MATERIALS AND METHODS

This is a retrospective analysis of 52 computed tomography image-based brachytherapy plans of 52 patients who have received intracavitary treatment with Ir HDR source. For each patient plan, one additional set of plan was created using Co source in place of Ir source keeping the same dwell position, and again dose was optimized. The volume and mean dose for target, OARs, and volume structures of 400%, 200%, 150%, 100%, and 50% were recorded for the estimation and comparison of ID.

RESULTS

The mean ID to high-risk clinical target volume was significantly higher by 5.84% in Co plan than that in Ir plan.

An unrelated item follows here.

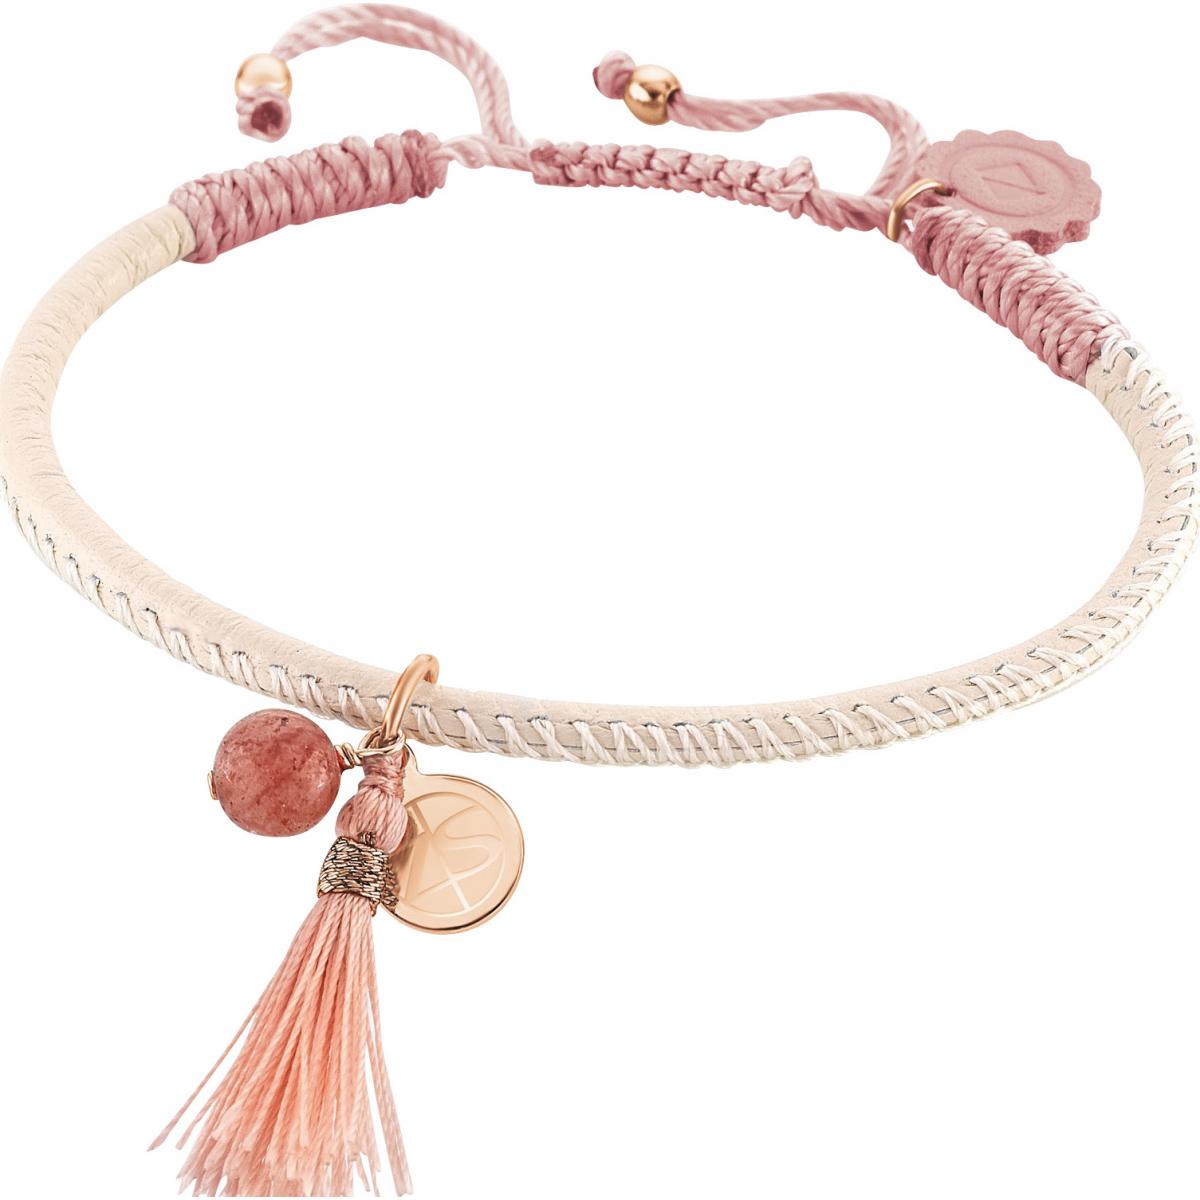 Bracelet Zeades Sbc01008 - Bracelet Or Rose Cuir Pompon Femme

For OARs, the mean ID to the rectum was significantly higher by 2.60% in Co plan as compared to Ir plan, whereas for bladder and sigmoid colon, it was lower in Co plan than that in Ir plan. The mean ID of central dose volume structures of 400%, 200%, 150%, 100%, and 50% was higher by 12.97%, 9.77%, 8.16%, 6.10%, and 3.22%, respectively, in Co plan than that of Ir plan.

CONCLUSION

The results of our study concluded that Ir HDR radioisotope should be preferred for intracavitary brachytherapy due to its ideal physical characteristics for better clinical outcomes.

摘要

背景

铱-192(Ir)一直是高剂量率(HDR)近距离放射治疗中广泛接受的放射性同位素。最近,钴-60(Co)放射性同位素由于经济和后勤原因,与传统的 Ir 相比,其半衰期(5.26 年)更长,越来越受欢迎。

目的

本研究旨在评估和比较两种 HDR 近距离放射治疗源在宫颈癌近距离放射治疗中的靶区和危及器官(OARs)的积分剂量(ID),以找到适合临床获益的合适 HDR 放射性同位素。

材料和方法

这是对 52 名接受 Ir HDR 源腔内治疗的宫颈癌患者的 52 例基于 CT 图像的近距离放射治疗计划的回顾性分析。对于每位患者的计划,使用 Co 源代替 Ir 源创建了另一组计划,同时保持相同的驻留位置,并再次进行剂量优化。记录靶区、OARs 和 400%、200%、150%、100%和 50%等体积结构的体积和平均剂量,以估算和比较 ID。

结果

Co 计划中高危临床靶区的平均 ID 比 Ir 计划高 5.84%。对于 OARs,Co 计划中直肠的平均 ID 比 Ir 计划高 2.60%,而膀胱和乙状结肠的 ID 则比 Ir 计划低。Co 计划的中央剂量体积结构的平均 ID 比 Ir 计划高 12.97%、9.77%、8.16%、6.10%和 3.22%,分别为 400%、200%、150%、100%和 50%。

结论

我们的研究结果表明,Ir HDR 放射性同位素因其理想的物理特性,更适合腔内近距离放射治疗,可获得更好的临床效果。